Source information -
------------------------------------------------------------------------

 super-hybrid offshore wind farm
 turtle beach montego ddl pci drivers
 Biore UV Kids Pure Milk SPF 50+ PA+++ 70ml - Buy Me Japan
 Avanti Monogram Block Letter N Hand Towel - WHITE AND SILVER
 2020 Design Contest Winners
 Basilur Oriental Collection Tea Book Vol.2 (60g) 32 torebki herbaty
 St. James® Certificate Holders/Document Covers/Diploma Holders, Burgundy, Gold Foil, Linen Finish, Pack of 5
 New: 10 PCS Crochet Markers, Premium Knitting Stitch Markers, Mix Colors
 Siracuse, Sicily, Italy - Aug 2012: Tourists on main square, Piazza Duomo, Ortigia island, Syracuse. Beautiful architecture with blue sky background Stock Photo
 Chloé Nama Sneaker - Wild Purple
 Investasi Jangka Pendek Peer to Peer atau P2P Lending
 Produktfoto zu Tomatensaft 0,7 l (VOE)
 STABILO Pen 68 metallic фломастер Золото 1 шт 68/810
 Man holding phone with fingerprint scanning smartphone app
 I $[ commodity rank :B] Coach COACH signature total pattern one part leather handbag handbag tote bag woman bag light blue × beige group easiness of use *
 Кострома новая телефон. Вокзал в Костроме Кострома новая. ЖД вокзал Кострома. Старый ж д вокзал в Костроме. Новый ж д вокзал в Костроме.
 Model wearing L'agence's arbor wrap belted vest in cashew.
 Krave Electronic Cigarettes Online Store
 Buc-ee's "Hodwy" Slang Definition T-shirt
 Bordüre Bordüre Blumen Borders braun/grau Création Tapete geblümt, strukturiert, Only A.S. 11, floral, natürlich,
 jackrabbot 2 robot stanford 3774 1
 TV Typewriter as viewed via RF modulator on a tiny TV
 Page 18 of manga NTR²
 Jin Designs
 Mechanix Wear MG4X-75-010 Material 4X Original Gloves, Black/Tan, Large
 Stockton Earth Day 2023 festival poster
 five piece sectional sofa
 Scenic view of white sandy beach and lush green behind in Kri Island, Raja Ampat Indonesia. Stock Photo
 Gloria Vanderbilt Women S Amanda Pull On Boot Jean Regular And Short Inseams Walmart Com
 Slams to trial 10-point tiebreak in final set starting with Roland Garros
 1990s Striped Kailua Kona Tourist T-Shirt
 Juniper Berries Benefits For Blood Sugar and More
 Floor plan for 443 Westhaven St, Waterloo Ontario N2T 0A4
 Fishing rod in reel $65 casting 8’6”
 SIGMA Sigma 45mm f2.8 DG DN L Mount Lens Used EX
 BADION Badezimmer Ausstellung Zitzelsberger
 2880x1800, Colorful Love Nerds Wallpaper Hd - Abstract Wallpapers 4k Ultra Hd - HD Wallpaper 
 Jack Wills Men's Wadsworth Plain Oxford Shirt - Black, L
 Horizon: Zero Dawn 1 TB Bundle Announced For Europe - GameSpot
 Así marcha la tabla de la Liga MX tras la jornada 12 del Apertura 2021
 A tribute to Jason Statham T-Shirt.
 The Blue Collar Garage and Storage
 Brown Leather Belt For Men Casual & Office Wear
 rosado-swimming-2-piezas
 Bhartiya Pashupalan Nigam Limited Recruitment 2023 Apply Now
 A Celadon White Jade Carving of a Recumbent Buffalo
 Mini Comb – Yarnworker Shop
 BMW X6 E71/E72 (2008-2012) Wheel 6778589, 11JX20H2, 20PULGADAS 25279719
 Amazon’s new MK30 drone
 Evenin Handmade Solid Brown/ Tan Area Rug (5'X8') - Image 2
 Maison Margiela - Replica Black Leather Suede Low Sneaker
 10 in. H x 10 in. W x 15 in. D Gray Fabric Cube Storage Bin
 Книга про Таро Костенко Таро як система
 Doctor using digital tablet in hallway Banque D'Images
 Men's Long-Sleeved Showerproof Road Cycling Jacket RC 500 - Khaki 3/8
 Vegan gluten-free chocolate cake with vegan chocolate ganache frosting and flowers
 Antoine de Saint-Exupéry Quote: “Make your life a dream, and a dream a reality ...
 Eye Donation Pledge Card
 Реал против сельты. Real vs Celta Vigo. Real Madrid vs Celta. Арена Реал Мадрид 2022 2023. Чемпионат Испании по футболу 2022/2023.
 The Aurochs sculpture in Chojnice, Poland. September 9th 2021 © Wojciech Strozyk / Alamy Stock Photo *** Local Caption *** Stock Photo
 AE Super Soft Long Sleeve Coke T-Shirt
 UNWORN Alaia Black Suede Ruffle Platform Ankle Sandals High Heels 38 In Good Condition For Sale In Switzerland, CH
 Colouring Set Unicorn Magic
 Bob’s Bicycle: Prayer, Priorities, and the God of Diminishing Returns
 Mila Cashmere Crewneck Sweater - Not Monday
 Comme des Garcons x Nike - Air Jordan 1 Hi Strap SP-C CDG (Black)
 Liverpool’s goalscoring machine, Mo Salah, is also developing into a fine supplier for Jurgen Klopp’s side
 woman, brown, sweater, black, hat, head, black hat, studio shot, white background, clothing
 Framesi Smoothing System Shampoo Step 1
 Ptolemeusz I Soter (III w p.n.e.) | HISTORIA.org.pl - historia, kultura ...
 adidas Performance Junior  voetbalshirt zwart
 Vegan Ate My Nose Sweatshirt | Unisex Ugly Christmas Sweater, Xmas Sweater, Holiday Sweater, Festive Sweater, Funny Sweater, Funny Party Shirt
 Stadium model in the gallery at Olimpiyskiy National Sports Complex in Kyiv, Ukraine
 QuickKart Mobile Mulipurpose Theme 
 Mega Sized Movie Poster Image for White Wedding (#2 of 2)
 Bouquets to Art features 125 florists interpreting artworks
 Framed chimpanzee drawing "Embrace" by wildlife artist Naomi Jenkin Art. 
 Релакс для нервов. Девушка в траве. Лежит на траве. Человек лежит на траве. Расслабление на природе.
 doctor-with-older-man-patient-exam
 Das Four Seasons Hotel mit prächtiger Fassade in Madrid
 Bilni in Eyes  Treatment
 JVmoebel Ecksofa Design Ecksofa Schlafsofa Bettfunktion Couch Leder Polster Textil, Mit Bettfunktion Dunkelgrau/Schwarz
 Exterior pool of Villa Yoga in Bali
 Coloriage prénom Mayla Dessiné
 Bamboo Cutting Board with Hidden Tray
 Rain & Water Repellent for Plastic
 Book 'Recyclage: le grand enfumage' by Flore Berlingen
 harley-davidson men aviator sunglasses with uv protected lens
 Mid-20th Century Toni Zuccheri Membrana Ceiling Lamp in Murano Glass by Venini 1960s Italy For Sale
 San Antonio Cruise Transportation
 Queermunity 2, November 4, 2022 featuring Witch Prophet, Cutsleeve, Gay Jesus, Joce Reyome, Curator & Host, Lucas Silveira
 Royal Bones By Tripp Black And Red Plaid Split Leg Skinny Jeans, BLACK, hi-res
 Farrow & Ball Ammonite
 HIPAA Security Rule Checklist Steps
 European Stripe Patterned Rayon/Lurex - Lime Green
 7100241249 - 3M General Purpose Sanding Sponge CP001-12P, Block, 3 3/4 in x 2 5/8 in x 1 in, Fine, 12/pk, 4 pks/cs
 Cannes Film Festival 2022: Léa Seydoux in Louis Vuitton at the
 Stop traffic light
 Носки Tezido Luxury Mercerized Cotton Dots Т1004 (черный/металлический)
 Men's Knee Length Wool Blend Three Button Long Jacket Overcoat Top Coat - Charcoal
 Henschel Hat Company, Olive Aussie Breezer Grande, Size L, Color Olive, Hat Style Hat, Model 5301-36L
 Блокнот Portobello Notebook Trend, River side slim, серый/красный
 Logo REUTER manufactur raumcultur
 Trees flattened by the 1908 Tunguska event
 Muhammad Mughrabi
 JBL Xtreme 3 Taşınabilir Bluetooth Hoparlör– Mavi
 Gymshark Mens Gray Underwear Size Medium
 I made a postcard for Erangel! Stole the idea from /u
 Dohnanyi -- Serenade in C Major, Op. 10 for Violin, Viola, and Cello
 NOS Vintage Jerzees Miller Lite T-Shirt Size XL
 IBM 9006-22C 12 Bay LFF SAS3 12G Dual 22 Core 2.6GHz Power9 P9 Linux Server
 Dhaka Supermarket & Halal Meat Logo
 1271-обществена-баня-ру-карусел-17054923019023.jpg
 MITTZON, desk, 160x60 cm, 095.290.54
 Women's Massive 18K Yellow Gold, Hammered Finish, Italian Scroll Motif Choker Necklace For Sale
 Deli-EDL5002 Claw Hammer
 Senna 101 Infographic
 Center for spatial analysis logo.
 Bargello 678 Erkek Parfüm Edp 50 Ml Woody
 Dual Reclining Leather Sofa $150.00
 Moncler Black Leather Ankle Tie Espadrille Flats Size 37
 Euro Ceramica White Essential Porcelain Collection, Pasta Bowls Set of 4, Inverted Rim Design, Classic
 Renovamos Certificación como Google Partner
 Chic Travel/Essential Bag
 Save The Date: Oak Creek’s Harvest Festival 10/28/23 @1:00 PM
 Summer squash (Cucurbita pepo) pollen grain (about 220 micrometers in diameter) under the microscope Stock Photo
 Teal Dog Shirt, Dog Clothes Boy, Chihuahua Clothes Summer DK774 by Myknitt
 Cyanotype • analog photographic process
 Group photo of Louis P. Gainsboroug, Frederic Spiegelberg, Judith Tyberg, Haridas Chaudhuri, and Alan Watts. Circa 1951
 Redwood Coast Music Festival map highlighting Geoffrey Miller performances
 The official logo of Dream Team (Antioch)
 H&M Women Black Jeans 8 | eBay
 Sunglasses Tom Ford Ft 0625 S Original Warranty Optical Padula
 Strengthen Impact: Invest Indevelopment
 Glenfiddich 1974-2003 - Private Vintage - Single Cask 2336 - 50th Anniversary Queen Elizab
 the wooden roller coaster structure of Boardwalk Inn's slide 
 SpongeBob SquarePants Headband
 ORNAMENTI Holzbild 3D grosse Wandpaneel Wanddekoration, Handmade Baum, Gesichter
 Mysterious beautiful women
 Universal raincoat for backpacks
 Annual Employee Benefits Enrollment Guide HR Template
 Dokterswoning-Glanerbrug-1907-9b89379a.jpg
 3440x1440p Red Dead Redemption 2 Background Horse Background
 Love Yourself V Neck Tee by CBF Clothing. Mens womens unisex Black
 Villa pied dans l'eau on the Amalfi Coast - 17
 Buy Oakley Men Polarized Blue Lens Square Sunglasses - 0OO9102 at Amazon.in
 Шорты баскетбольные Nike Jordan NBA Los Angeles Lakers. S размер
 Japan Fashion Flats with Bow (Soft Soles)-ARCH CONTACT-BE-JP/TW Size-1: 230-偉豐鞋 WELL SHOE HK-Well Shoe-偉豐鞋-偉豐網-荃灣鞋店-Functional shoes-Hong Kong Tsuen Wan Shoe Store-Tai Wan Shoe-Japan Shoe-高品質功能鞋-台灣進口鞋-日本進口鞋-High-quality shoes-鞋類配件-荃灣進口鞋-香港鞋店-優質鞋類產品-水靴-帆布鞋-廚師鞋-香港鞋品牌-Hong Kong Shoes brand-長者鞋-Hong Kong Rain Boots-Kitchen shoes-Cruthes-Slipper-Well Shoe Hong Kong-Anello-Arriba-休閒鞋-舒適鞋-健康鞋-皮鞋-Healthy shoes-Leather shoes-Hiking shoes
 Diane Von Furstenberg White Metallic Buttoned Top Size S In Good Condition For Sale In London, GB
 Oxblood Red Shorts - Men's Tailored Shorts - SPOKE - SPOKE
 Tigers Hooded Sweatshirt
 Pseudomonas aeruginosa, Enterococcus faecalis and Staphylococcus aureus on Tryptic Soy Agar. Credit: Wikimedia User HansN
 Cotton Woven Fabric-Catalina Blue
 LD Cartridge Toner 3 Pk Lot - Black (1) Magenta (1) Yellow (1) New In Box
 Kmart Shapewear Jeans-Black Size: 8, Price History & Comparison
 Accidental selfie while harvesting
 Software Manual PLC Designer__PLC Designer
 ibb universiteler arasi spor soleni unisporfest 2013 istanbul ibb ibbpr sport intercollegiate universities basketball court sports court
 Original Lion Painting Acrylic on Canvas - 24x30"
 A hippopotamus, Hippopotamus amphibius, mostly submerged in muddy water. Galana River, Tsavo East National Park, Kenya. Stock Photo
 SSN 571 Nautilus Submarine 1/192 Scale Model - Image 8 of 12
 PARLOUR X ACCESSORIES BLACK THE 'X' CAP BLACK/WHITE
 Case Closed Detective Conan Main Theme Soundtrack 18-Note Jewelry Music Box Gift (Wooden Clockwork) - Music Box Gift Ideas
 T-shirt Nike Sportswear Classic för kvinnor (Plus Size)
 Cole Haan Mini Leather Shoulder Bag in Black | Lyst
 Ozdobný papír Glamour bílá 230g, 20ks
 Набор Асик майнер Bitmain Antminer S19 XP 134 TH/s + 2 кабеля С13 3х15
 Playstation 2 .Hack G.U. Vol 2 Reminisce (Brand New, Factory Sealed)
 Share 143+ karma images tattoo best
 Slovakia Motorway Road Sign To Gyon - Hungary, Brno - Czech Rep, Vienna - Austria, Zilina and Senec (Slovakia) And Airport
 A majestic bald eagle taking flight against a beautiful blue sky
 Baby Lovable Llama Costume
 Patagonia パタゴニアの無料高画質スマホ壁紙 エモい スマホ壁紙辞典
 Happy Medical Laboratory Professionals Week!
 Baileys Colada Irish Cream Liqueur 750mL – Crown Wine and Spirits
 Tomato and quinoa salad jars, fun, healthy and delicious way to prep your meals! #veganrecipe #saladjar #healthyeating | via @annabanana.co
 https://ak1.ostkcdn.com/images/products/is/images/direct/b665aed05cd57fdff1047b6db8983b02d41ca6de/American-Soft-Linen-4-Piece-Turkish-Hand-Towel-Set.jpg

------------------------------------------------------------------------

Only lines with the word "Classic" should be collected from the material.

Solution for this problem -
 Euro Ceramica White Essential Porcelain Collection, Pasta Bowls Set of 4, Inverted Rim Design, Classic
 T-shirt Nike Sportswear Classic för kvinnor (Plus Size)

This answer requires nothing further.